◆ **Your instructions**: Please report how many lines of the listing contain the string "English", giving the number only.
[Start of Attachment]
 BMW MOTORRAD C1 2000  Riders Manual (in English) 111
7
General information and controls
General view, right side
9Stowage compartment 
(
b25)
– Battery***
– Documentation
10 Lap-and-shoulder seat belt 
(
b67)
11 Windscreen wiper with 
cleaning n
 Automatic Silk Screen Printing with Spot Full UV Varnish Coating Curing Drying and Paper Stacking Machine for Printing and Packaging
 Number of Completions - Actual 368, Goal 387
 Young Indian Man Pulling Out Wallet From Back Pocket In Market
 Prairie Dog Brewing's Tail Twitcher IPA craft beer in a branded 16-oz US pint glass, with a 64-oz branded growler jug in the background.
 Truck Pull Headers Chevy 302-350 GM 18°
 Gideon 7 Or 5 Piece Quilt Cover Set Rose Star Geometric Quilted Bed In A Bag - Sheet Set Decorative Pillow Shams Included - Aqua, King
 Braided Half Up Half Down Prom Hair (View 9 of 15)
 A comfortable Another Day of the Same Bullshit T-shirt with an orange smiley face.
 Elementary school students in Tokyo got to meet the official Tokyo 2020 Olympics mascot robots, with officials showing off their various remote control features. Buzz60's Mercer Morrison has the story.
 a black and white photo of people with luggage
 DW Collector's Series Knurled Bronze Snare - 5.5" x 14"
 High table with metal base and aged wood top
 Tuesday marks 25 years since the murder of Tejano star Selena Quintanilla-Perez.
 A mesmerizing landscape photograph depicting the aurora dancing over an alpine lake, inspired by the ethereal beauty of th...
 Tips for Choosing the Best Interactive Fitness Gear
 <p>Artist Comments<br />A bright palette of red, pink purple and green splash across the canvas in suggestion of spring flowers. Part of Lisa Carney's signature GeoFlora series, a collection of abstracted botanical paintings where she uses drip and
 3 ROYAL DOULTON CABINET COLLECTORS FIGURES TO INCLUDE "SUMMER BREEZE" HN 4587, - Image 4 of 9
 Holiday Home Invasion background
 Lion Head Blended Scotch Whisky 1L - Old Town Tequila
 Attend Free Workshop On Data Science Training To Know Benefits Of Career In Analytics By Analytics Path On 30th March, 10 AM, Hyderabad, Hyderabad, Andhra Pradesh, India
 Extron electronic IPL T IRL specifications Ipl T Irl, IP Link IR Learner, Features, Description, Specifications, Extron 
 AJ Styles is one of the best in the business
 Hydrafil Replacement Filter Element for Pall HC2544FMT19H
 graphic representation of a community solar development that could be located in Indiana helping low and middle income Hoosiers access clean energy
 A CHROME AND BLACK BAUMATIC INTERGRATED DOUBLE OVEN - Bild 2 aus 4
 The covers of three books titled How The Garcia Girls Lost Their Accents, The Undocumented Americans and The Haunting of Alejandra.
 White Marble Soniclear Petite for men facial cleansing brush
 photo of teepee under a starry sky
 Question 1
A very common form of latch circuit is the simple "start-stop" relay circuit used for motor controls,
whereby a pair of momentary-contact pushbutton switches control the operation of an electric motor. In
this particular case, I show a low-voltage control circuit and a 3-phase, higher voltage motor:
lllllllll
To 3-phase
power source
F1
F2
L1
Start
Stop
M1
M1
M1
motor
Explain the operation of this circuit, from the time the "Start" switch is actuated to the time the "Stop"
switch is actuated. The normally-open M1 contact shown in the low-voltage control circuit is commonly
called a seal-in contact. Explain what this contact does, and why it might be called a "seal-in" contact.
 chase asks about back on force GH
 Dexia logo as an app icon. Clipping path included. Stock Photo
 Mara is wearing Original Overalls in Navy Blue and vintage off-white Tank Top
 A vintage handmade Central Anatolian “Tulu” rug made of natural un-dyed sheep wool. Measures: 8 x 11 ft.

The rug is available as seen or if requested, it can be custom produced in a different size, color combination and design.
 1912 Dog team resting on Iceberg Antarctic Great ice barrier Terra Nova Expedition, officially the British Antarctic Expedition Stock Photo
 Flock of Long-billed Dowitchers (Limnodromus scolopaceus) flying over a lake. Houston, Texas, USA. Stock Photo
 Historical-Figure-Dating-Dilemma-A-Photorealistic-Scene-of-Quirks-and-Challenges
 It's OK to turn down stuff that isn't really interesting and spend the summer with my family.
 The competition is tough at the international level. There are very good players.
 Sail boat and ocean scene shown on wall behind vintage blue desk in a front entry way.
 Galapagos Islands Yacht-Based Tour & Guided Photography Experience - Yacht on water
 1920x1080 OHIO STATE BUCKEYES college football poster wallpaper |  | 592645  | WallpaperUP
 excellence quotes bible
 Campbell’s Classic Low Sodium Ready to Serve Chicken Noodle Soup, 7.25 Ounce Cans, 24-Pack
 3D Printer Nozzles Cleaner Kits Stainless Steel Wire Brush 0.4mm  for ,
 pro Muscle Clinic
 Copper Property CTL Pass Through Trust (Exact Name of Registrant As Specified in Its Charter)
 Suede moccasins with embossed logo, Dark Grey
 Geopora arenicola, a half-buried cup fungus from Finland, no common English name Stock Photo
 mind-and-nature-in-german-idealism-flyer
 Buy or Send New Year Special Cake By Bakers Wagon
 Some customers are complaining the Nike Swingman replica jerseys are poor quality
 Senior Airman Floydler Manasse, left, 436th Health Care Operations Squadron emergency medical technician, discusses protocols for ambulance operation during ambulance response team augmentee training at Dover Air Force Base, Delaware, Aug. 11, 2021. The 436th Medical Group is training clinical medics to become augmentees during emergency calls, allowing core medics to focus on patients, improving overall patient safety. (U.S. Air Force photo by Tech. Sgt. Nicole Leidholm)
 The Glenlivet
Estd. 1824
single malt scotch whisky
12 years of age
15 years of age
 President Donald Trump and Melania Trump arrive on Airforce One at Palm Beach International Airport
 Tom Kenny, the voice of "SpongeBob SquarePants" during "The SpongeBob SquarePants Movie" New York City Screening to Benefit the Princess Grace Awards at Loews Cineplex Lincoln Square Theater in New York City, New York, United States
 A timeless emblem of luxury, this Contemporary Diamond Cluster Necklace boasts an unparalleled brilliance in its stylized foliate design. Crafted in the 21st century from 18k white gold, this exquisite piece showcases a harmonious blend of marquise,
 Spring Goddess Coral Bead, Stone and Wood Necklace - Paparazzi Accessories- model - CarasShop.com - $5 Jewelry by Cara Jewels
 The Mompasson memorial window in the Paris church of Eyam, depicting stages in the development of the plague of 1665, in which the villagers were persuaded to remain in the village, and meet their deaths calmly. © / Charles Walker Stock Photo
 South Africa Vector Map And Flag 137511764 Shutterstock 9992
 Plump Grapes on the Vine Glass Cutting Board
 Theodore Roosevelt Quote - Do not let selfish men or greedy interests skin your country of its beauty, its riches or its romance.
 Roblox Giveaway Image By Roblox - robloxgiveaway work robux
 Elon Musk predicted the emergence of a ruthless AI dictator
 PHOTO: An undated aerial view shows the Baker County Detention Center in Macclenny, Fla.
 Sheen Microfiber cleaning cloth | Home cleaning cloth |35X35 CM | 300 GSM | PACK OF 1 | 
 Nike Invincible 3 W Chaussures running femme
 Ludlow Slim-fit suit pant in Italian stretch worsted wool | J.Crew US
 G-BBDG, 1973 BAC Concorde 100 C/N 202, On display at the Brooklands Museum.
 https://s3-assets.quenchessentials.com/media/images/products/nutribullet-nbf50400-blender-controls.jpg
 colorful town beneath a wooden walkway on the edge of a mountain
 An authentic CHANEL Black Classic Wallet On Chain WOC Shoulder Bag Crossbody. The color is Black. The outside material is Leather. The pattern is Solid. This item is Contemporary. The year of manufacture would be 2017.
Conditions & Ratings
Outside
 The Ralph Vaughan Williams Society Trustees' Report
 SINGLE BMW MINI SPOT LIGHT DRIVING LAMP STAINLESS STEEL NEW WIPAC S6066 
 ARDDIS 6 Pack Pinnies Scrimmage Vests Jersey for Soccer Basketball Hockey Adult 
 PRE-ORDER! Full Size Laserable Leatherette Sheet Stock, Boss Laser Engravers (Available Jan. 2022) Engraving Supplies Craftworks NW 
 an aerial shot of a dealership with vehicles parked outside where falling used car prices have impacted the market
[End of Attachment]
◆ **Exercise result**: 2